In such a situation, the question concerning decision makers arise. In fact,
it is obvious that a physician cannot take such a decision independently from
members of the family of the patient because they have legal and moral rights
to take decisions concerning the treatment. If a physician takes a decision
to start the futility treatment independently from the family of the patient,
he actually takes a decision which concerns the question of the life and death
of the patient that naturally involves close relatives of the patient.
Thus, it is possible to conclude that the futility treatment can be used in
the most hopeless cases, but the decision should be taken by the physician and
the family of the patient.
References:
Benoff, M., & Grauman, D. M. (1997). Mastering the physician integration
challenge. Healthcare Financial Management; Westchester; Jan 1997.
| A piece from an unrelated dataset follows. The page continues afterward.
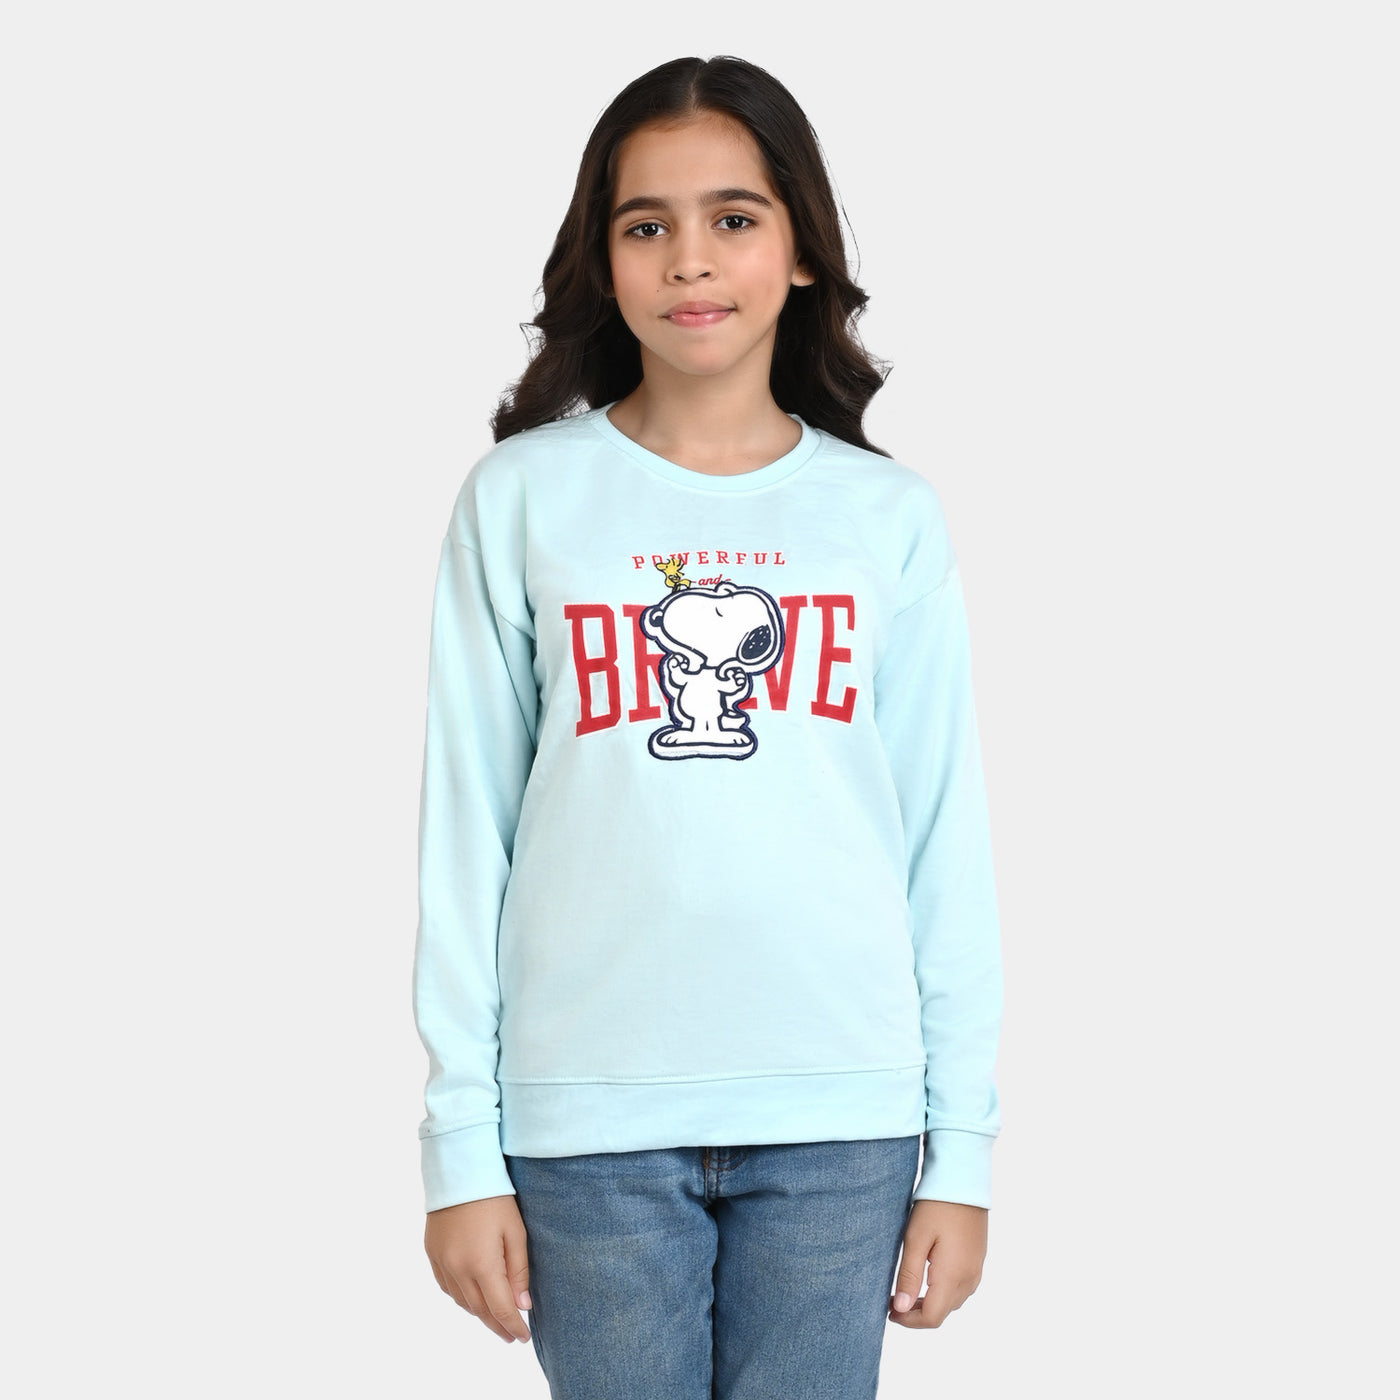 Girls Fleece Sweatshirt Brave-Light Blue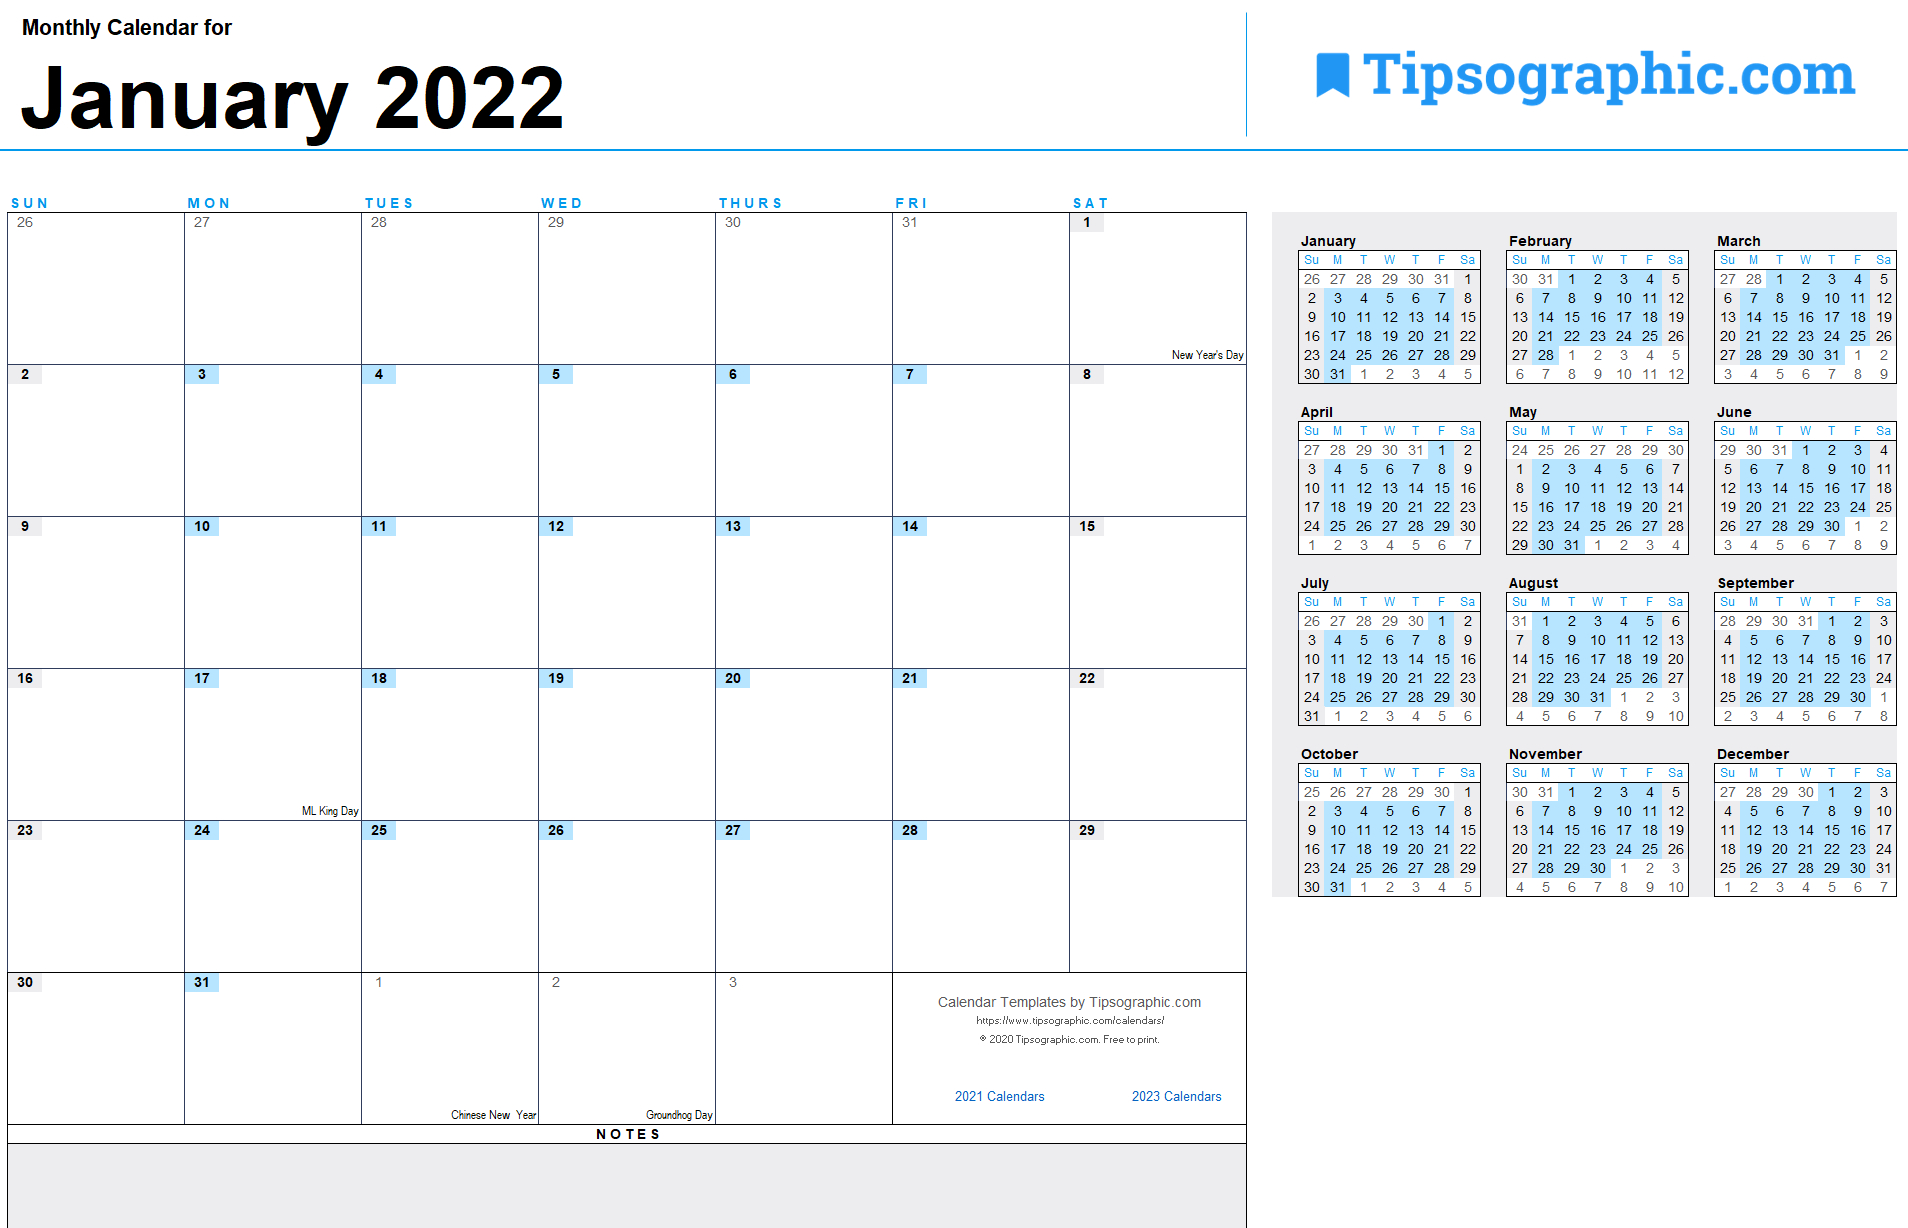 2022 Calendar Templates &amp; Images | Tipsographic  Calendar 2022 Online Free

Limentani, A. E. (1999, October). The role of ethical principles in health care
and the implications for ethical codes. Journal of Medical Ethics 25 (5), 394-399.
Ascension Health (2005). Key Ethical Principles. Retrieved on
November 17, 2007, from http://www.ascensionhealth.org/ethics/public/key_principles/main.asp
Kellog Library (2003). Bioethics - Introduction and Definition.
Retrieved on November 17, 2007, from http://www.library.dal.ca/kellogg/Bioethics/definition.htm.
St. James Ethics Center (2006). Ethical Dilemmas of the Month.